De retourcontrole bij ons verloopt met een toongenerator en klankmatig.

----------


## cobi

Wat ik altijd nog het beste vind werken is gewoon een SM58 met je eigen stem.

Ik heb er al diverse malen storingen uitgehaald die ik wel met mijn stem hoorde, maar niet met een CD.

----------


## MusicSupport

> Hallo,
> Ik ben van plan 2 of 4 Electro Voice SX200 speakers te kopen. 
> Om te vermijden dat ik versleten rommel binnenhaal wil ik de kasten testen bij de verkoper. Wat zouden zinvolle tests zijn om de basis kwaliteit van deze kasten te garanderen? De speakers ontmantelen om de binnenkant te bekijken is geen optie.
> Alvast bedankt voor de inputs.
> Groetjes,
> Paul



Paul, de SX200/300 zijn heel makkelijk op de meest voorkomende schade (kapotte en versleten en verdronken conussen) te testen door met 4 schroefjes de frontgrill eraf te lichten. (Deze zit ook geklemd dus je hebt er nog een tangetje bij nodig!)

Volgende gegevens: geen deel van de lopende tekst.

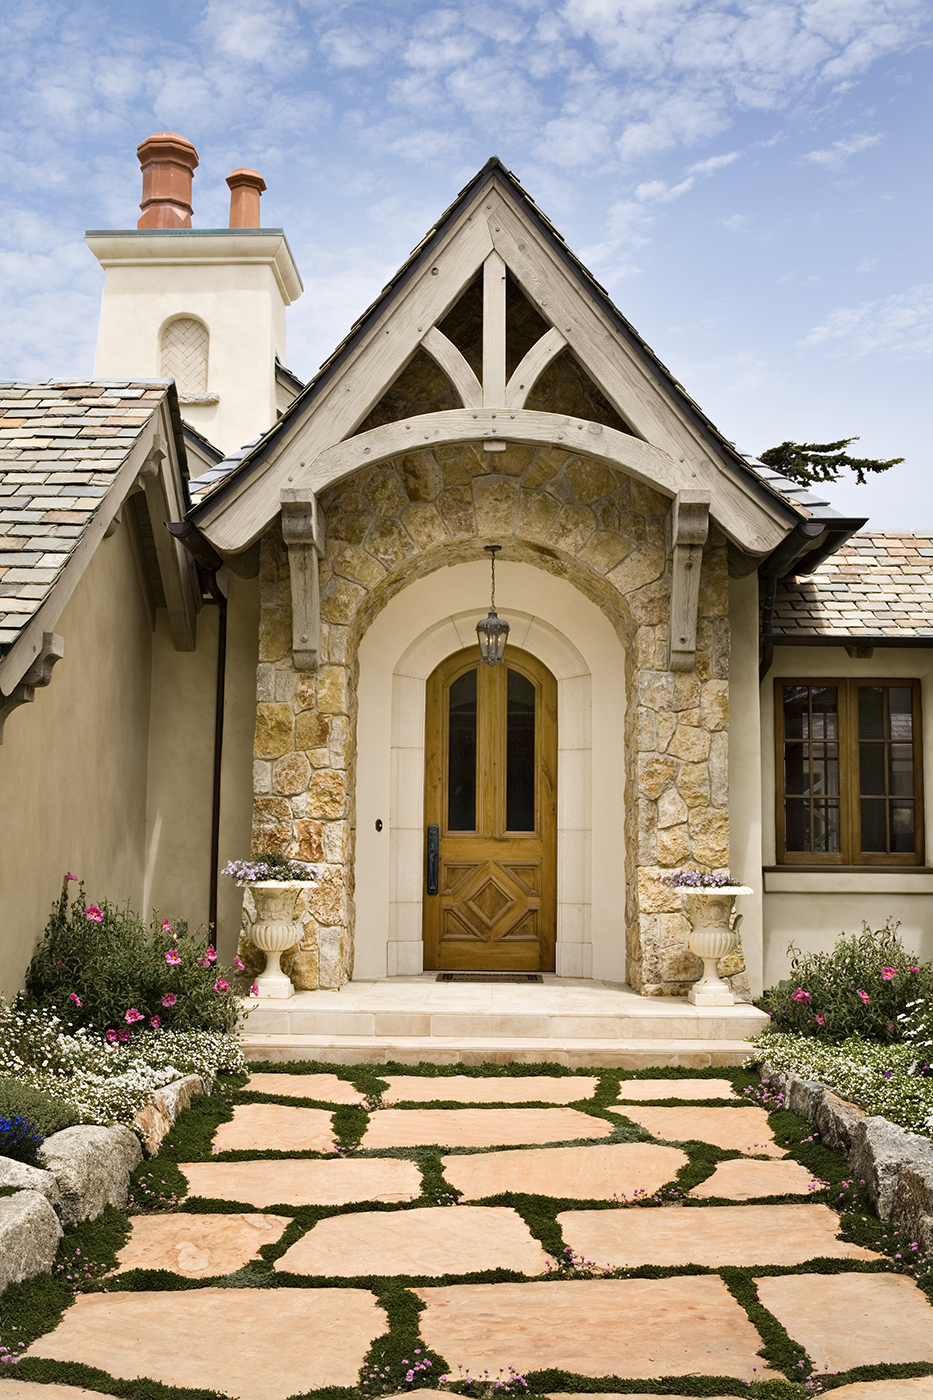 4-Smith-Entry-half-timber arch-limestone surround.jpg

Verder even met een toongenerator, dynamische muziek en een microfoon even testen op het klankbeeld! (Ook de drivers kunnen stuk bij deze kasten is onze ervaring en er wordt niet altijd de juiste teruggestoken dus er kan klankverschil zijn)

----------


## hugovanmeijeren

Er zijn een paar dingen die je even moet checken.

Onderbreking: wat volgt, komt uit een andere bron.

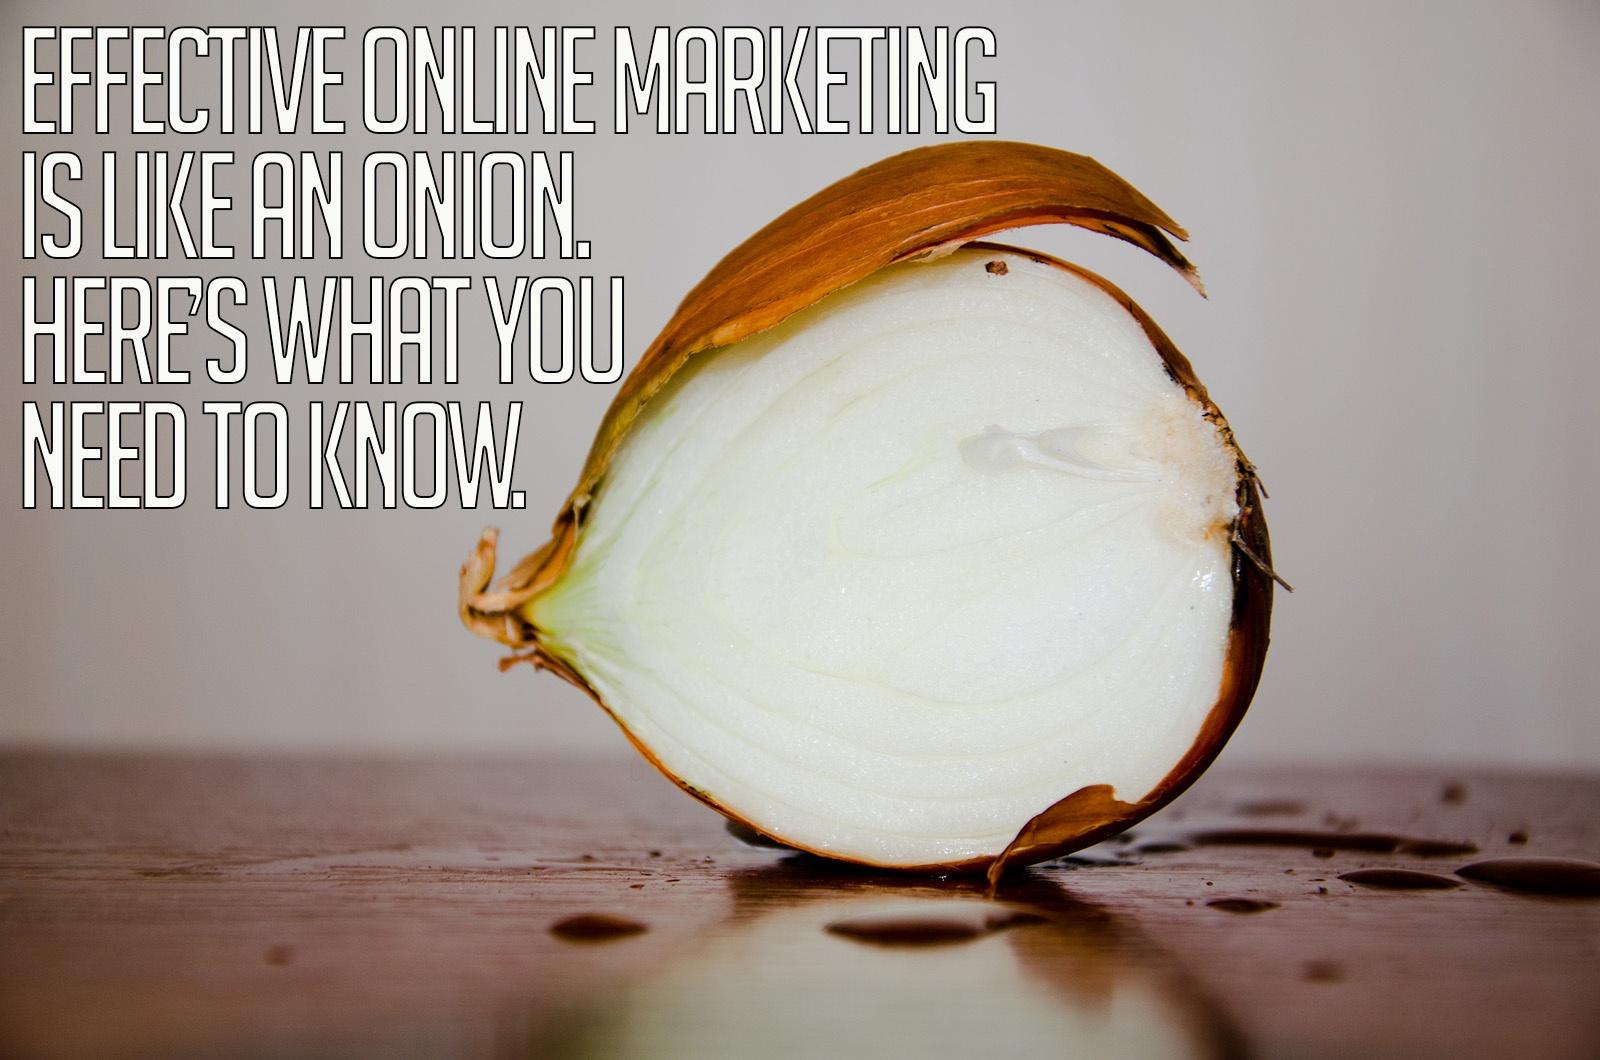 online marketing onion.jpg

1) Even de grill eraf schroeven, 4 schroefjes (kruis) losdraaien en dan wip je de grill met een platte schroevendraaier er zo af. Beweeg met je vingers even voorzichtig de conus naar achteren, controleer of hij nergens 'aanloopt': hij moet mooi soepel gaan.
Daarnaast moet je even de randen van de conus checken, bij oudere luidsprekers willen deze wel eens volledig vergaan zijn, ik heb het meerdere malen gezien bij EV SX200 / SX300 speakers.

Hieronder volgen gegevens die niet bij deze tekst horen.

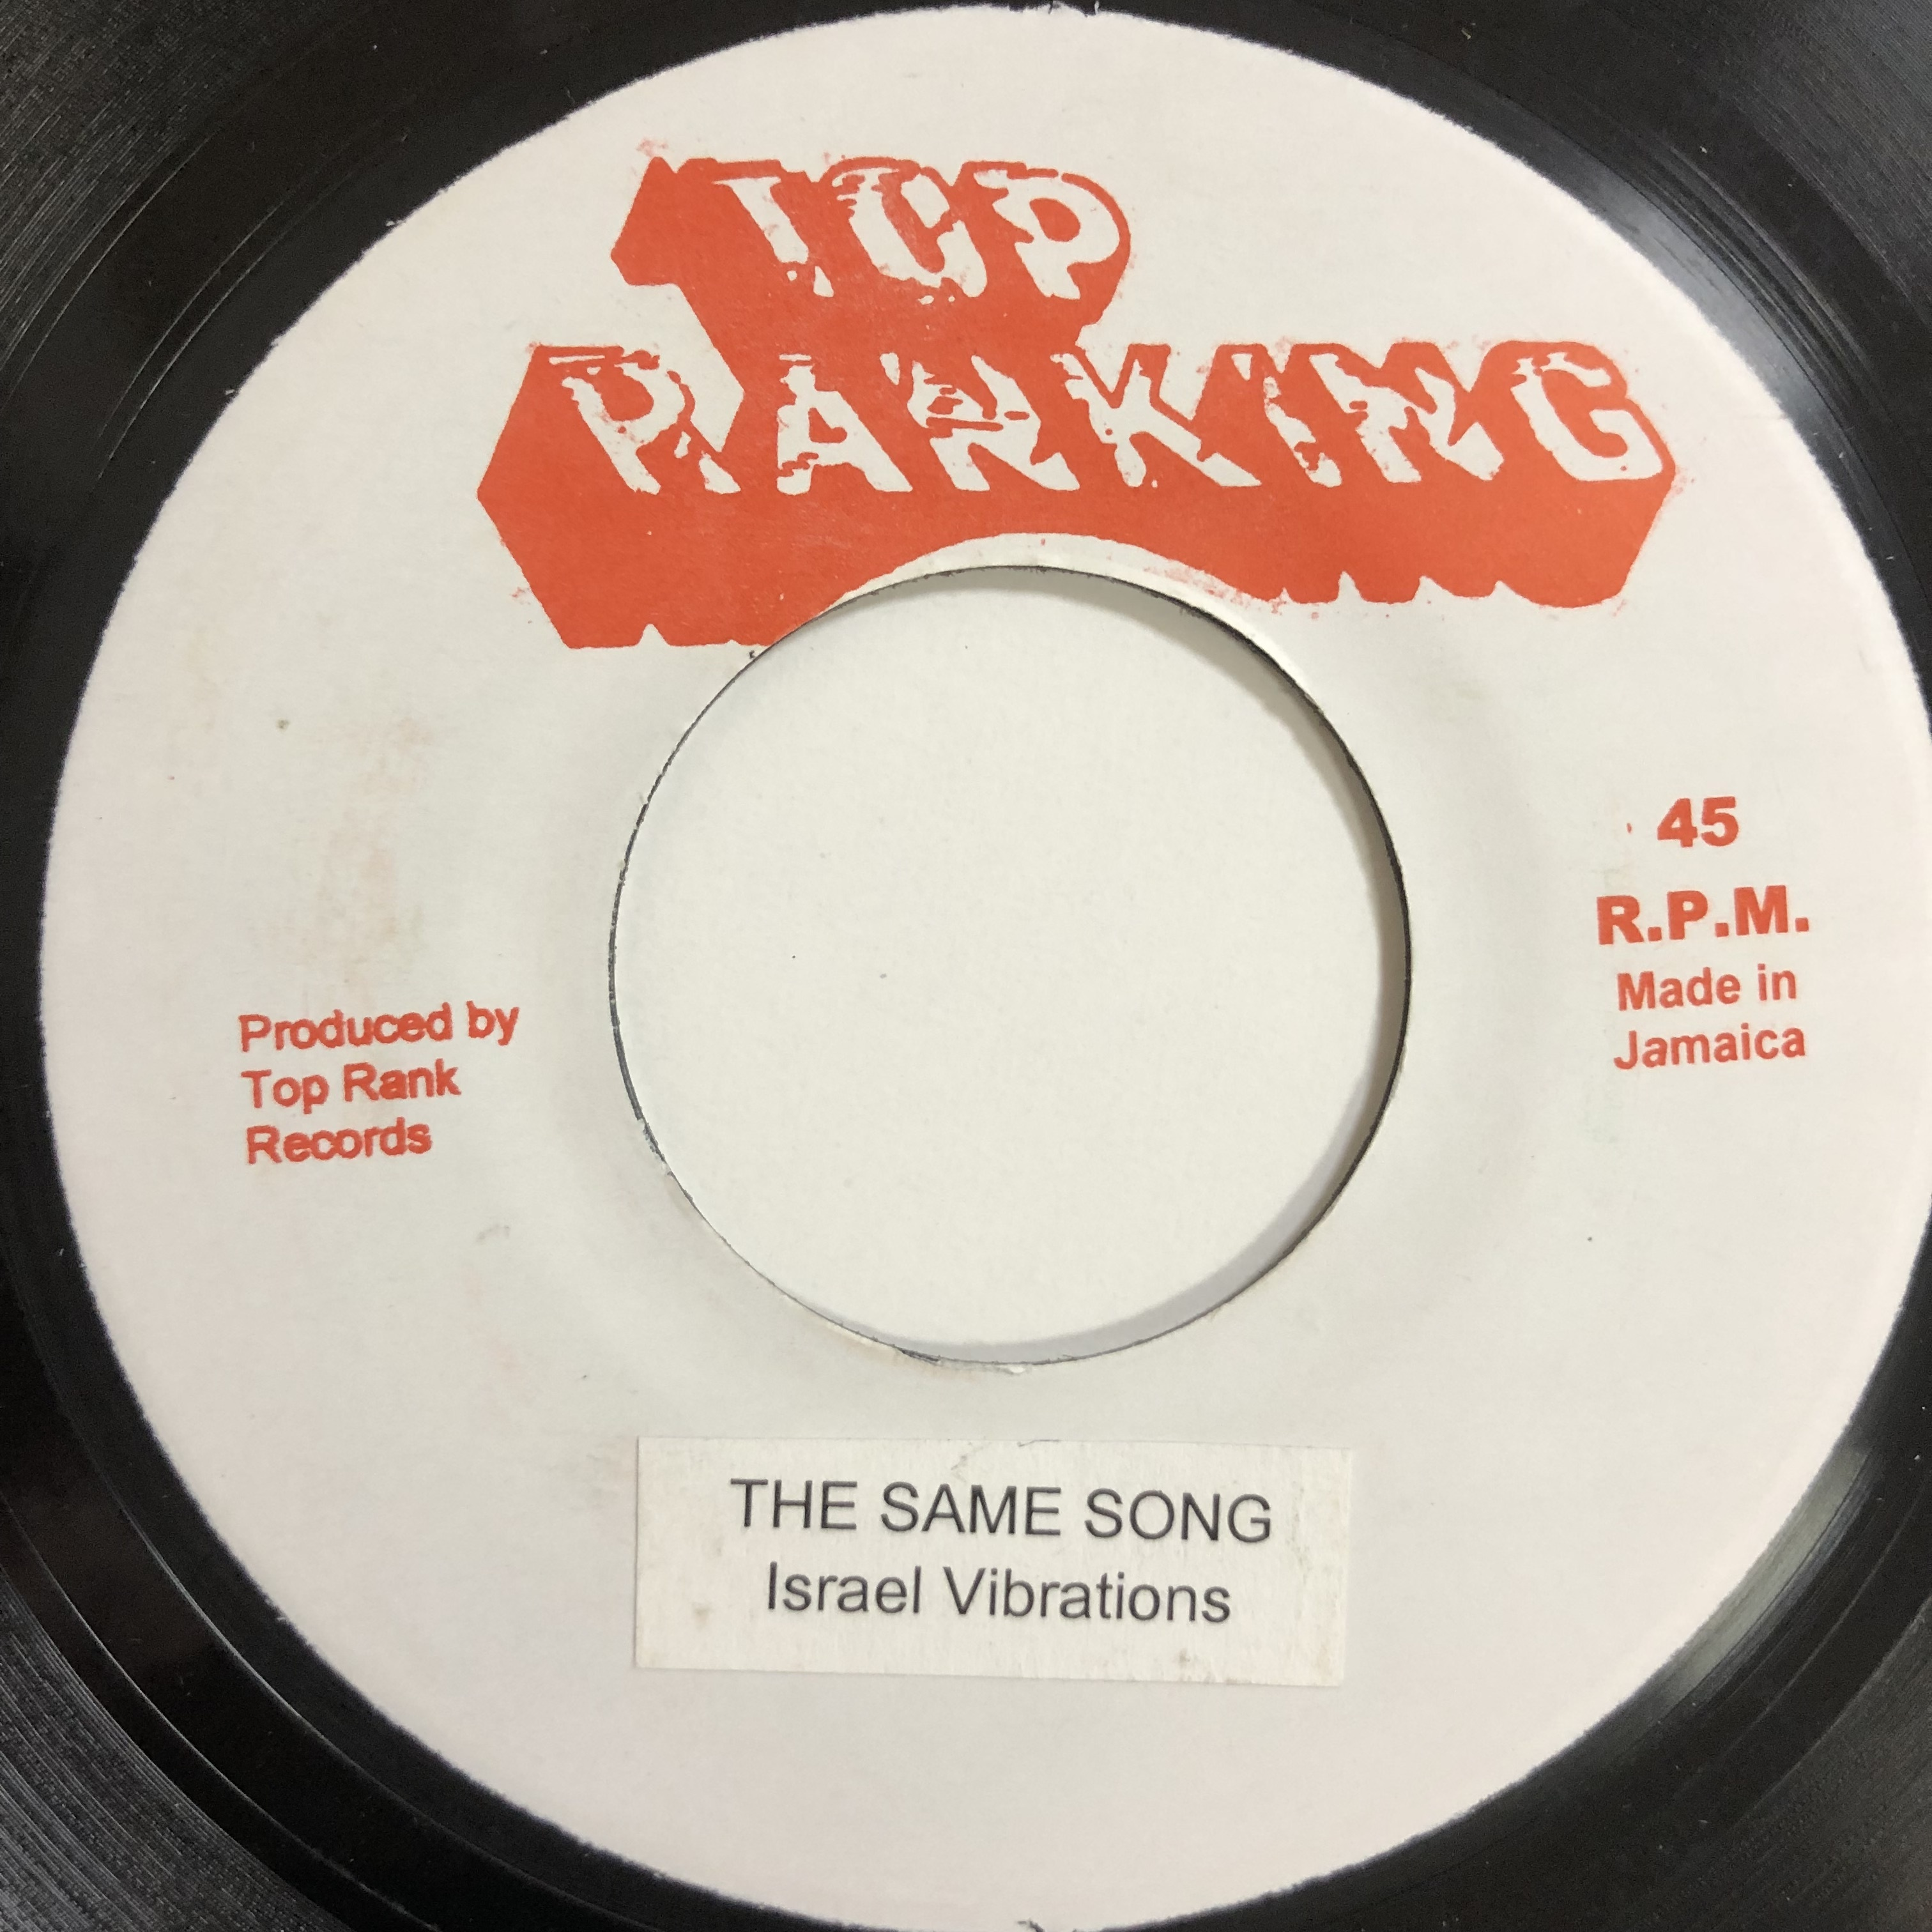 Israel Vibration(イスラエルバイブレーション) - The Same Song【7-20140】

2) Luisteren. Neem muziek mee die je goed kent. Luister gerust ook op hoog volume, soms komen fouten dan veel eerder aan het licht. Vergelijk ook rustig tussen verschillende kasten, dan heb je een referentie.

Groeten Hugo

----------


## HR Soundproductions

Ik denk dat bijna alles wel is gezegd is wat je zoal kunt doen.

Zelf gebruik ik altijd (als quick check) de toongenerator. Dit werkt redelijk goed en je kunt er goed mee achterhalen of je drivers nog heel zijn, als bijv. het laag een vreemd of enigszins rammelend geluid maakt dan heb je al een eerste indicatie.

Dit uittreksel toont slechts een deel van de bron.